At the next meeting, Martin sat in his usual spot, waiting. Stan complained about nurses creeping around on the second floor of his house where he didn’t go anymore, going through his things, looking for valuables. Then Barbara talked about an apartment where she went at night to do photography or painting or something. These people had houses on top of houses. Harrison probably kept summer homes on each coast.
Greta, once again, sat there saying nothing.
“I know it doesn’t make any sense,” Barbara was saying. “I know I’d be safer at home with my husband. We have an excellent alarm system. But it’s only in the studio that I feel safe.”
“Safe from what?” Jan asked.
“The Scrimshander,” Barbara said.
“But he’s dead,” Greta said. She looked at Harrison. “It’s in the books. Lub stabbed him through the heart with a harpoon.”
Barbara looked shaken. “Is that true?”
“You can’t trust what’s in the books,” Harrison said.
“Amen,” Stan said.
“But in this case,” Harrison said. “Yes, he’s dead. I saw it myself. And it wasn’t a harpoon through the heart—that’s the kiddie version. We cut off his head and burned it.”
“But he’s not human,” Barbara said. “He
could
come back.”
Stan said, “You want him to come back.”
“Of course not!” Barbara said.
“Not really come back,” the old man said. “But just to end the waiting. I’m always waiting.
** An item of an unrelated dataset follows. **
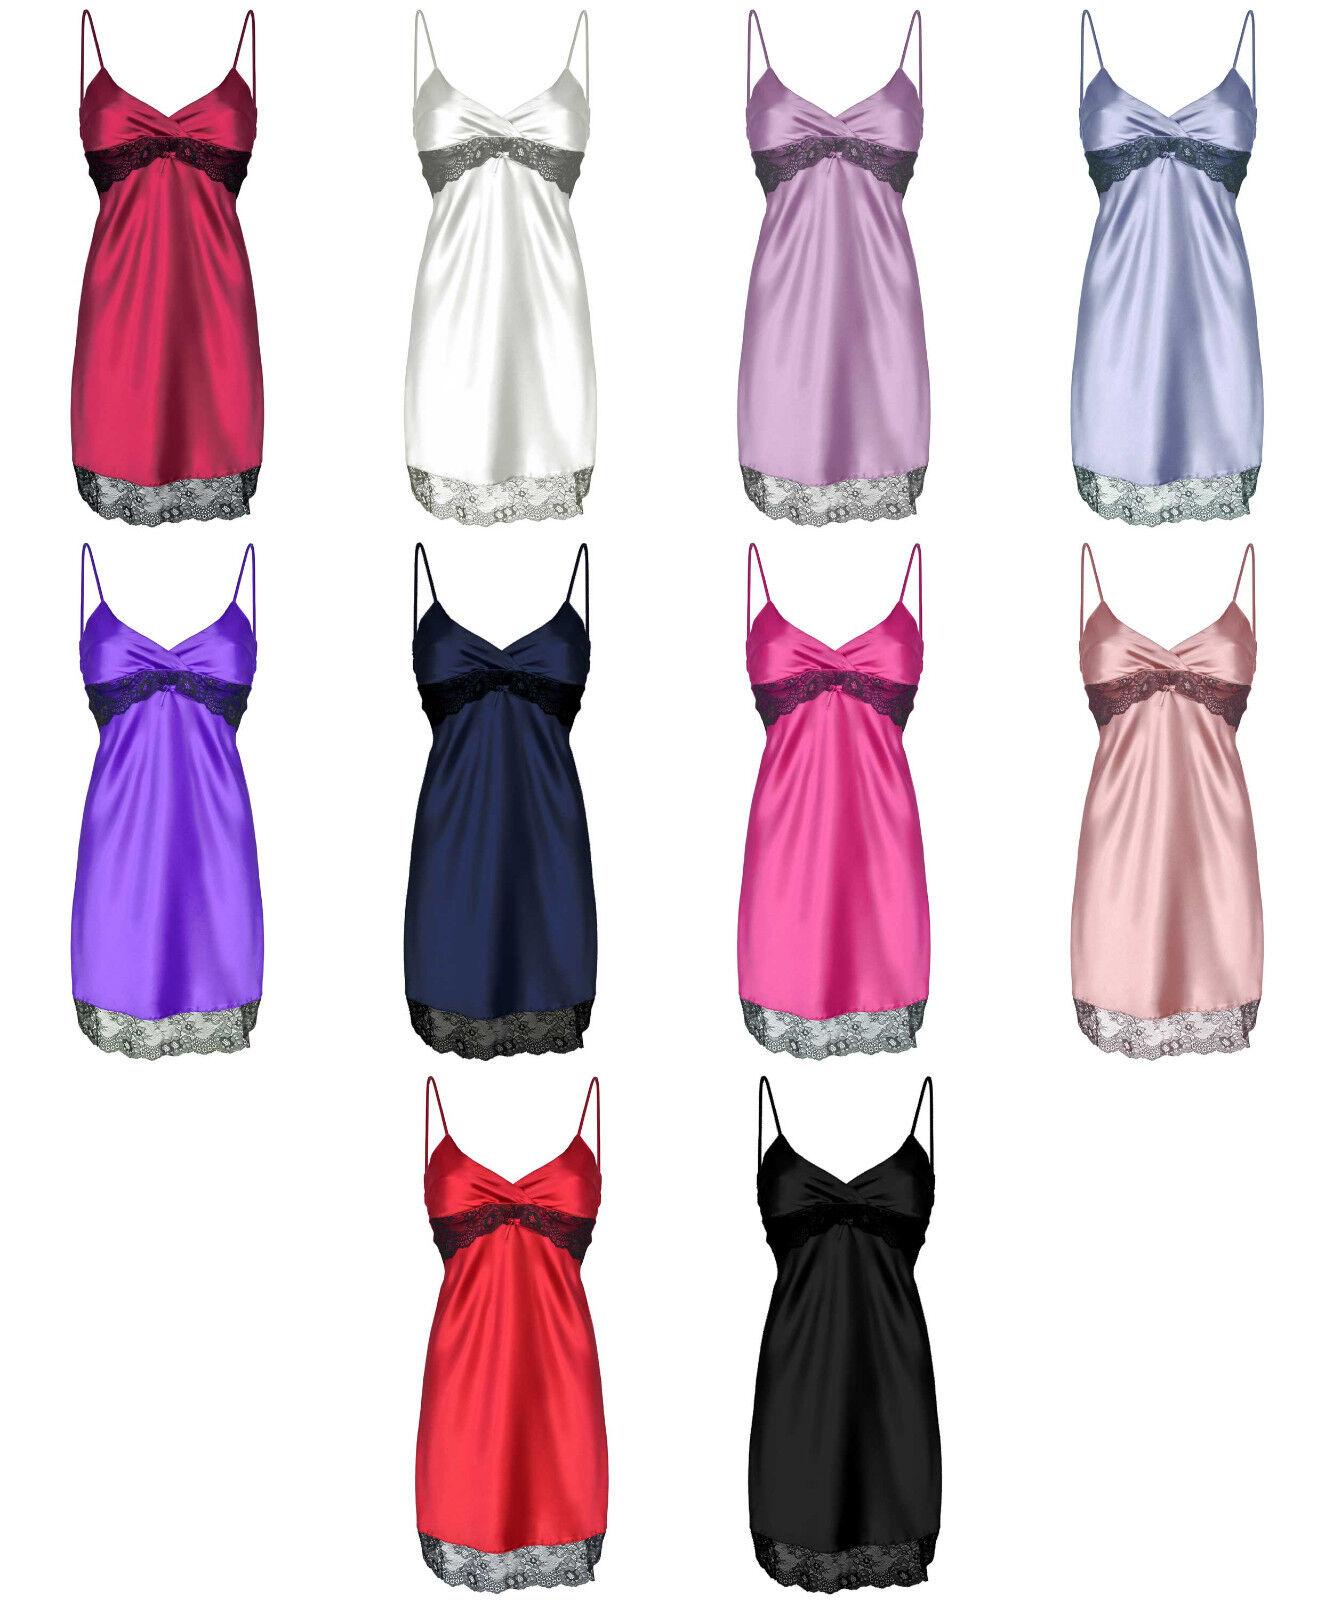 Damen Satin Nachthemd Negligee hochwertiges Trägerkleid mit edler Spitze Otylia

Sometimes I think I’m still up there in the nets, the boy running his fingers through my hair, waiting for the Weavers to take me down for the next treatment.”
“Stan,” Harrison said. “Let Barbara finish.”
Barbara was staring straight ahead—in Greta’s direction, but Martin thought that she wasn’t seeing anyone in the room. “He carved pictures into me,” Barbara said. “The last thing he said to me was, ‘I left you a message.’” She inhaled shakily and seemed to come to herself. “But if he’s dead, who’s going to tell me what he drew?”
“How about x-rays?” Harrison asked. “MRIs?”
“X-rays don’t show the surface of the bone,” Barbara said. “MRIs don’t work either. Ultrasound gets close, but it won’t show the fine marks.”